Local Processing and Storage: Edge devices or gateways perform initial data processing and analysis. Local storage enables temporary data retention for immediate insights and minimizes data transfer.
Analytics Engines: These are software components that execute algorithms for data analysis and insights. Analytics engines can be embedded within edge devices, gateways, or edge servers.
Communication Protocols: Edge devices communicate using lightweight protocols optimized for low bandwidth and real-time interactions. MQTT, CoAP, and AMQP are common protocols used in edge analytics architectures.
Cloud Integration: In hybrid architectures, relevant insights from edge analytics are sent to the cloud for further analysis or historical storage.
Cloud resources can support complex analytics, long-term storage, and large-scale processing.

3.2. Edge Analytics Techniques

Edge analytics techniques are a suite of methodologies designed to process and analyze data at the edge of the network, closer to where data is generated. These techniques enable organizations to derive immediate insights, reduce latency, and optimize bandwidth usage. Let's explore some key edge analytics techniques and their applications.
Data Filtering and Aggregation: Data is filtered and aggregated at the edge before being sent to a central repository.
This technique reduces the volume of data that needs to be transferred, conserving network bandwidth. It's useful for scenarios where data granularity can be sacrificed for efficiency.
Anomaly Detection: Algorithms are used to identify anomalies or outliers in real-time data streams. Anomaly detection is crucial for applications like predictive maintenance in industrial settings. It enables timely identification of equipment malfunctions or deviations from normal behavior.
Predictive Analytics: Historical and real-time data are analyzed to predict future events or trends. Predictive analytics is valuable for applications such as demand forecasting in retail or predicting patient outcomes in healthcare.
Complex Event Processing: Patterns are detected and processed across multiple data streams to trigger predefined actions. CEP is used for scenarios that require real-time responses, such as fraud detection in financial transactions or monitoring traffic for congestion control in smart cities.
Machine Learning Inference: Trained machine learning models are deployed at the edge to infer insights from incoming data. Machine learning inference at the edge can include image recognition for surveillance cameras or natural language processing for voice assistants.
Time-Series Analysis: Historical time-series data is analyzed to identify trends, patterns, and anomalies. Time-series analysis is valuable in applications like monitoring equipment performance, weather forecasting, or energy consumption tracking.

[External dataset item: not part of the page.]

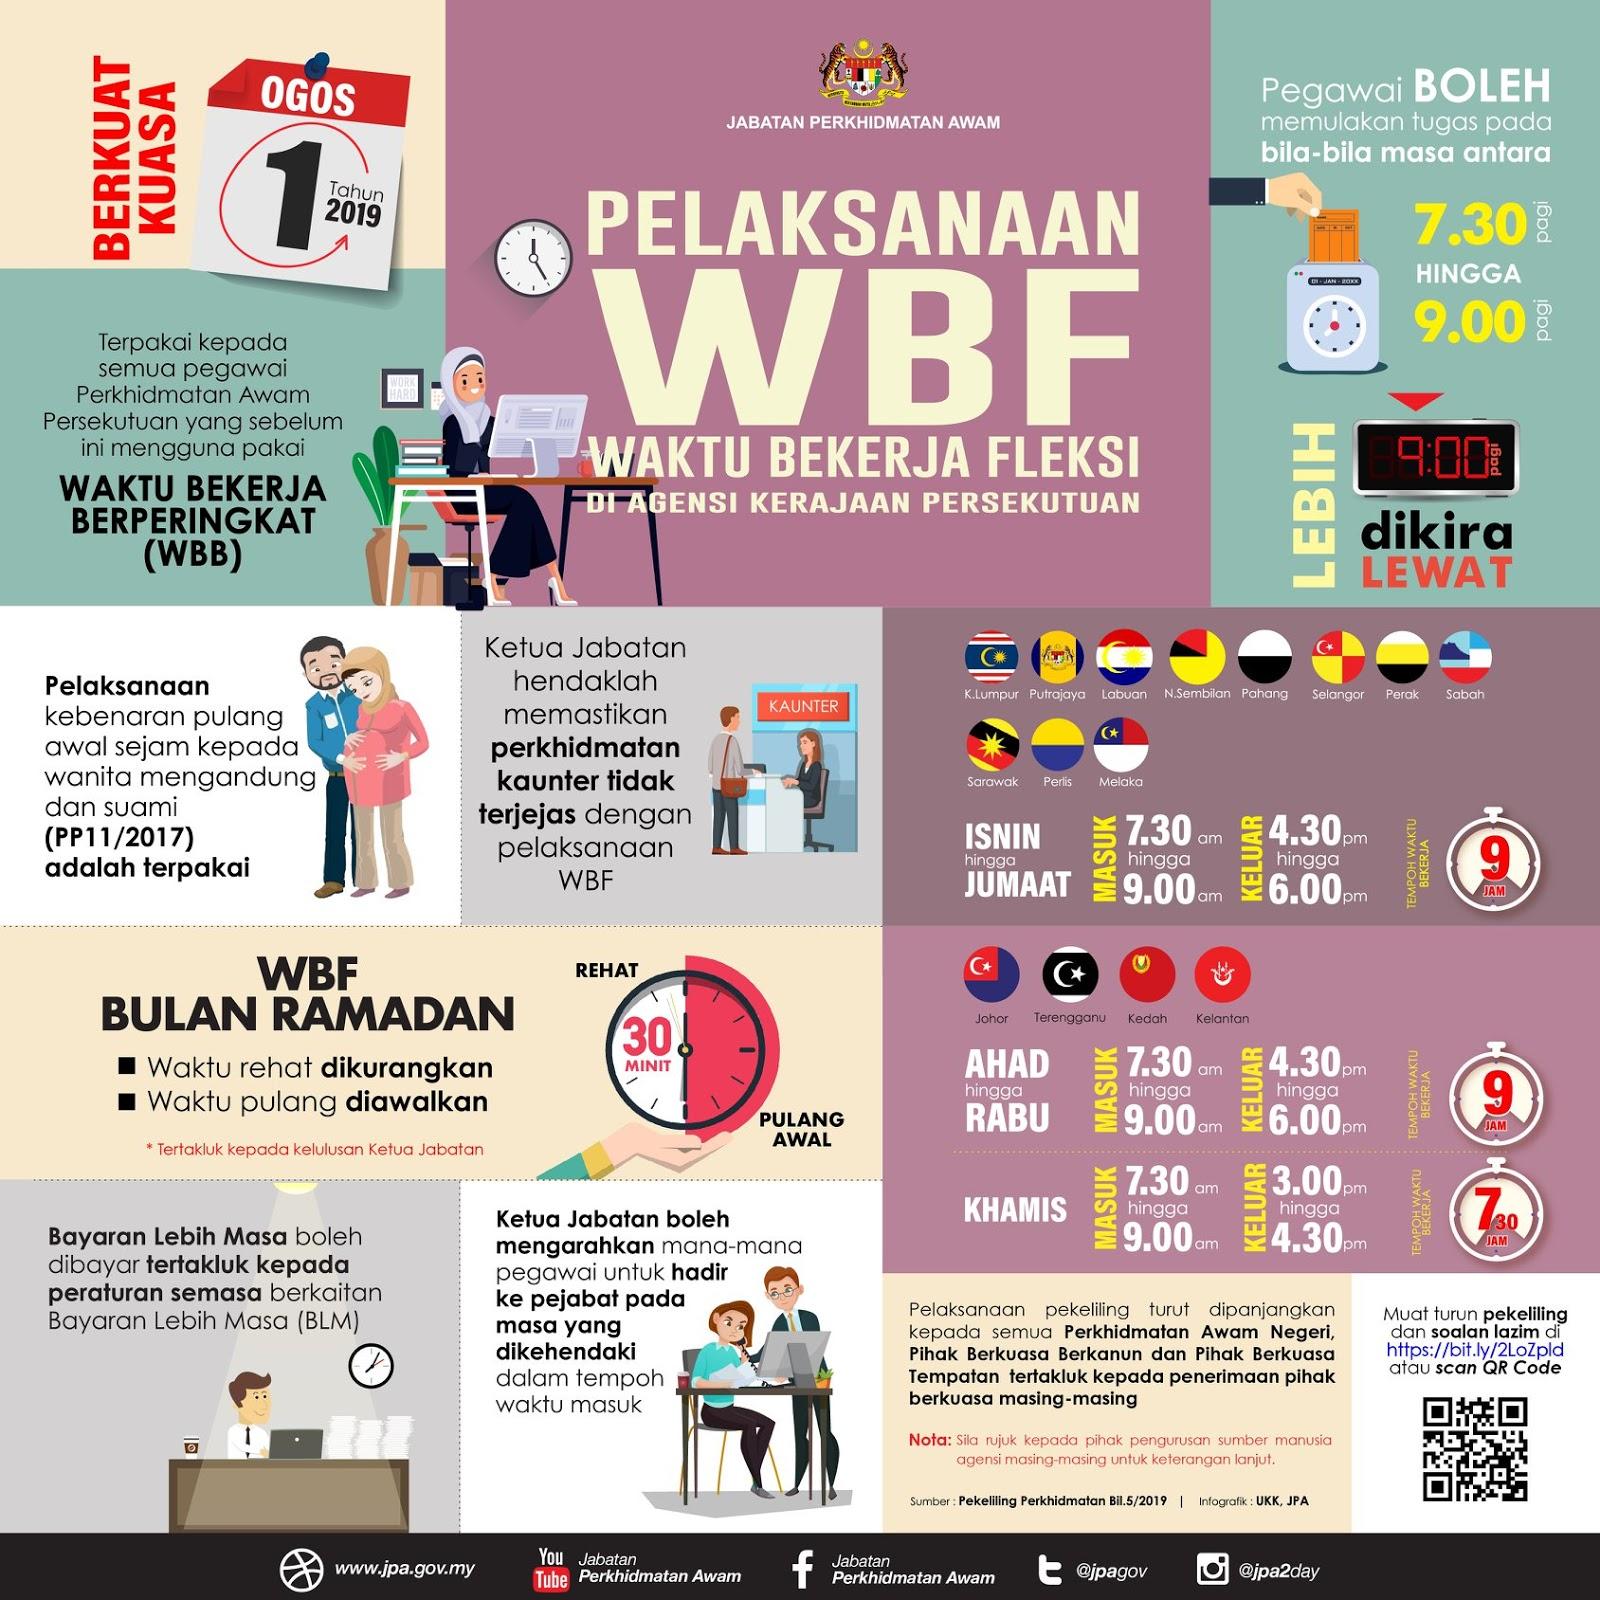 Waktu Bekerja Fleksi Wbf Di Agensi Kerajaan Persekutuan Pekeliling Perkhidmatan Bilangan 5 Tahun 2019 Layanlah Berita Terkini Tips Berguna Maklumat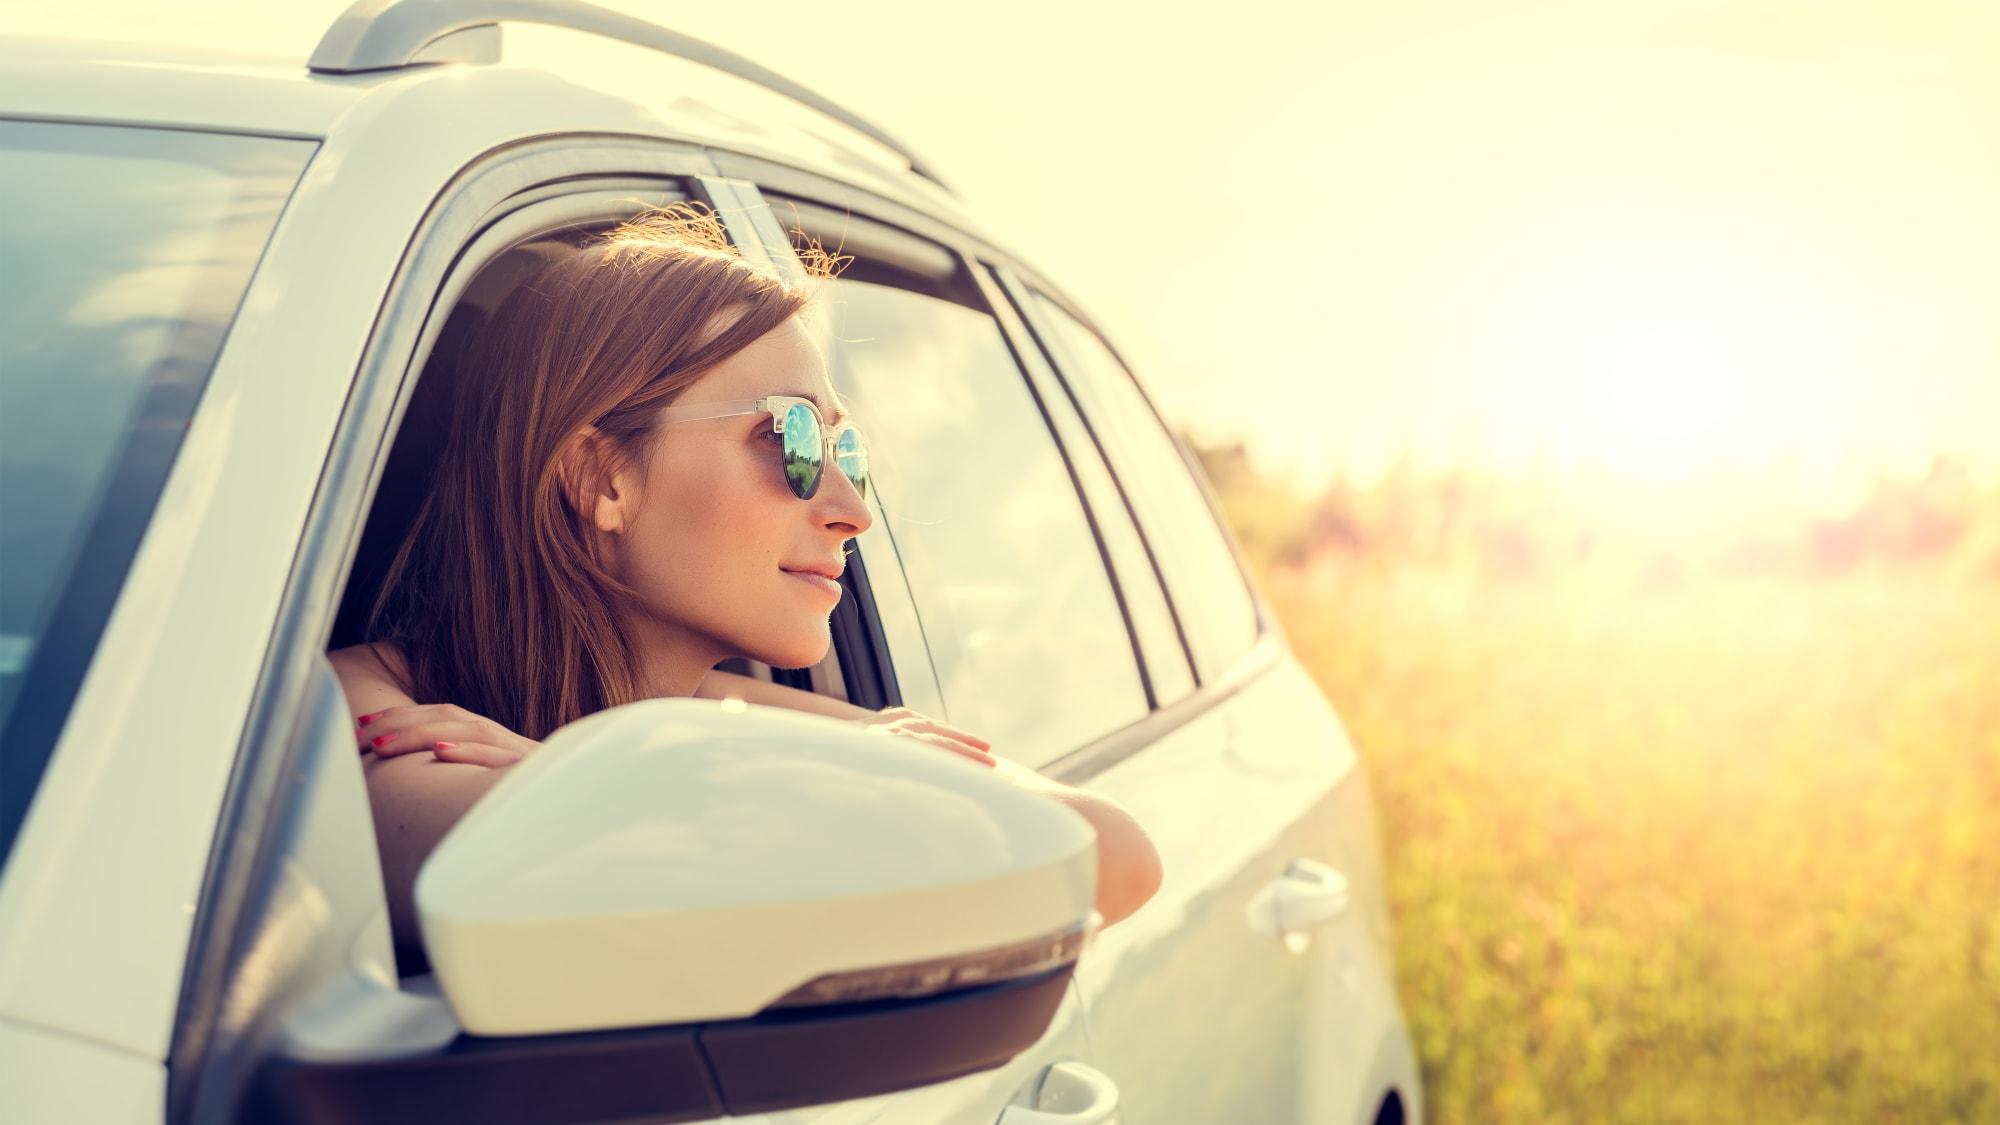 Frau mit Sonnenbrille schaut aus einem Auto in die Sonne

3.3. Benefits of Edge Analytics Architecture

Bandwidth Efficiency: By filtering and processing data at the edge, only relevant information is transmitted to centralized systems, reducing network traffic and conserving bandwidth. [5]
Reduced Latency: Processing data locally significantly reduces the time it takes to generate insights. This is particularly beneficial for applications where real-time responses are critical. [6]
Privacy and Security: Edge analytics architecture allows sensitive data to be processed locally, mitigating privacy concerns and ensuring compliance with data protection regulations. [7]
Resilience: Edge devices can continue to operate even when network connectivity is disrupted, ensuring continuous data processing and decision-making. [7]

4. Convergence Benefits

In the dynamic landscape of data-driven innovation, the convergence of data lakes and edge analytics stands as a transformative alliance. This union not only addresses the challenges of managing vast and varied datasets but also amplifies the potential for real-time insights and informed decision-making.

4.1. Benefits through the Synergy

The convergence of data lakes and edge analytics creates a symbiotic relationship that leverages their unique strengths to produce amplified outcomes.
Reduced Latency and Data Efficiency: Edge analytics excels in processing data at the source, minimizing latency and enabling instant insights. By coupling it with data lakes, organizations can strategically filter and transmit only relevant data to the lake, optimizing bandwidth usage and enhancing data efficiency.
Real-time Decision-making: The amalgamation empowers organizations to make informed decisions in real time. Data lakes provide a comprehensive repository for historical and contextual data, while edge analytics ensures that the most recent data is processed promptly, enabling swift action when it matters most.
Contextual Insights: Data lakes offer a holistic view of data, allowing for the contextualization of insights derived from edge analytics. This integration helps in discerning patterns, trends, and anomalies by correlating real-time edge data with historical data stored in the lake.
Data Governance and Compliance: Data lakes provide a centralized platform for managing data governance, ensuring data quality, and complying with regulatory requirements. Integrating edge analytics with the lake enables consistent application of governance policies across the data lifecycle.
Optimized Data Processing and Storage: Edge analytics alleviate the burden on central processing and storage systems by filtering and processing data at the edge. This not only reduces the load on data lakes but also ensures that valuable insights are generated closer to the data source.
Scalability and Adaptability: Data lakes offer scalability to accommodate growing datasets, while edge analytics operates on a per-device basis. This convergence ensures that as the number of edge devices grows, the processing load is distributed efficiently, maintaining overall system scalability.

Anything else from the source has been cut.